4. Choose the Right Budgeting Method
There’s more than one way to make a budget. If you’re having difficulty with living out the budget you’ve set for yourself, it could be because you’ve chosen the wrong method.
Some of the most popular ways to budget include:
The zero-based budget method requires you to assign every dollar of income you have to a specific job each month. With this type of budget, there should be no waste or money left over; every penny you earn should go to expenses, saving or debt repayment.
The cash envelope method can be used alongside the zero-based budgeting method or on its own. With this type of budget, you create envelopes for each budget category you have. A set dollar amount is assigned to each envelope. Once that money is gone, you can’t spend any more money in that category until the next budget period starts.
A 50/20/30 budget keeps things simple. Fifty percent of your income goes toward necessary expenses, 20% is applied to savings or debt repayment and the remaining 30% goes toward “wants.”
If you’re paid weekly or biweekly, budgeting by paycheck could work for you. This method involves assigning money to bills, savings, debt and other expenses each pay period. For example, if you’re paid biweekly, you might use your first paycheck to cover your utilities, food and car payment while your second paycheck goes toward your mortgage and savings.
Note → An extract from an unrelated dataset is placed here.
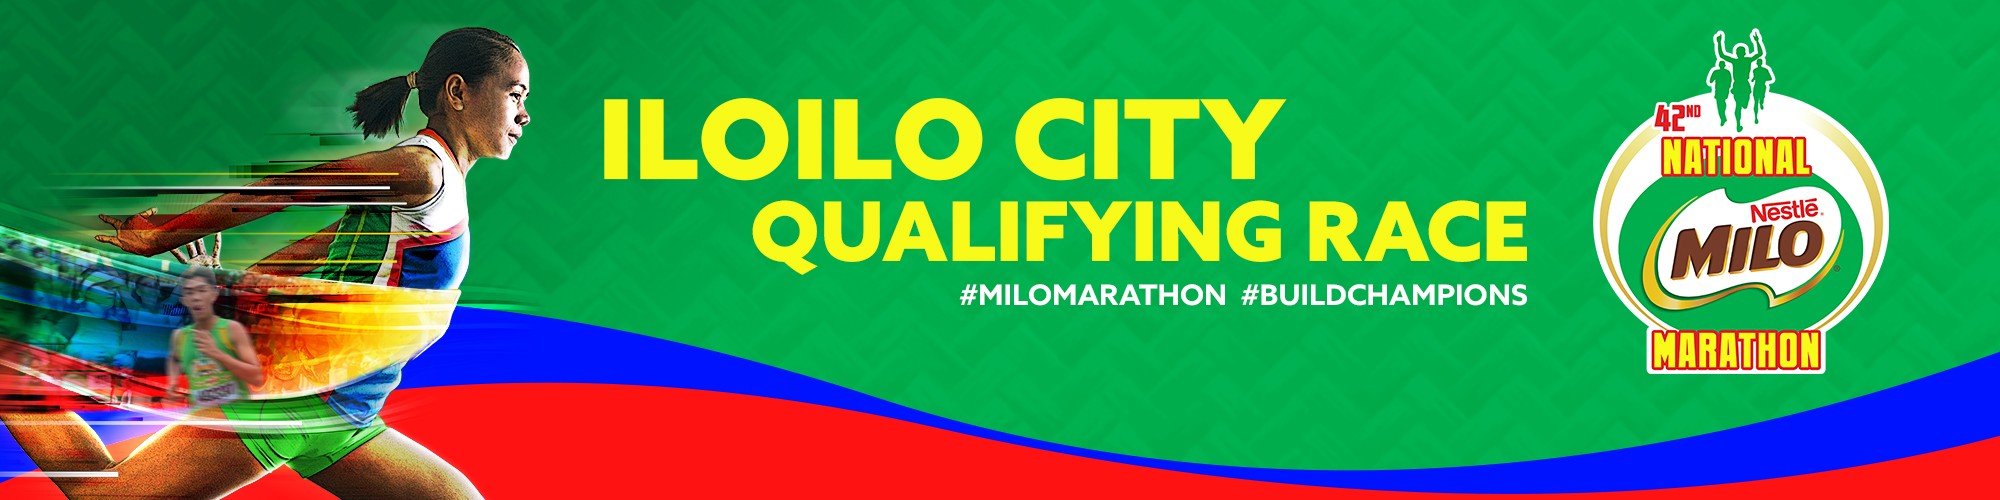 2019 National MILO Marathon Iloilo City

Perhaps you seek the implied control—and also freedom—that a weekly allowance offers to children. Using this method as an adult, you would give yourself a finite amount of money for discretionary spending each week.
The great thing about having different budgeting methods to choose from is that you can experiment to find one that fits your lifestyle and financial situation. You may prefer the 50/20/30 budget method over zero-based budgeting, for example, if you want to leave some flexibility in how you spend. Or you may prefer the cash envelope method if you want to take a break from spending with your debit or credit cards.
5. Use Tools That Make Living Your Budget Easier
As you work toward bringing your lifestyle and budget in harmony, consider what personal finance tools you can use to smooth the path.
For example, you may want to use a budgeting app to track your spending and income automatically. This saves you the trouble of crunching the numbers, which means you can take your budget with you anywhere you go.
If saving money is one area you’ve struggled with within your budget, you can also use automatic saving and investing apps to commit to setting aside cash regularly. Debt repayment apps can help you stay on track with paying off student loans, credit cards or other debts. And some personal finance apps allow you to manage budgeting, saving, debt and investing all in one place to simplify things even further.
Using banking and personal finance apps can take some of the stress out of managing your money each month. The more you can simplify the thought process that goes into creating a budget, the easier it may be to follow through on the plan.
6. Fine-Tune Your Budget Regularly
Your budget, just like your life, can change and evolve. There may be new expenses to account for if you get married, start a family, buy a home or achieve any other major milestones. And there may be some expenses that go away as you pay off student loans or become more intuitive about cutting out unnecessary costs.
What matters is that you continually revisit and review your budget to ensure that it’s still meeting your needs. Scheduling a monthly budget check-in—perhaps in the form of a budget date night with your spouse—can help you stay in touch with your spending and income. During your check-in, you can review:
- How your income may have increased or decreased over the previous month
- What you anticipate your income looking like for the month ahead
- Areas where you succeeded in spending less than what you planned
- Areas where you may have spent more than you initially planned
- Progress you’ve made toward your short- and long-term financial goals
The more you do this, the more comfortable you may feel with the idea of budgeting. And over time, you’ll begin to see the financial improvements that come from staying true to your budget.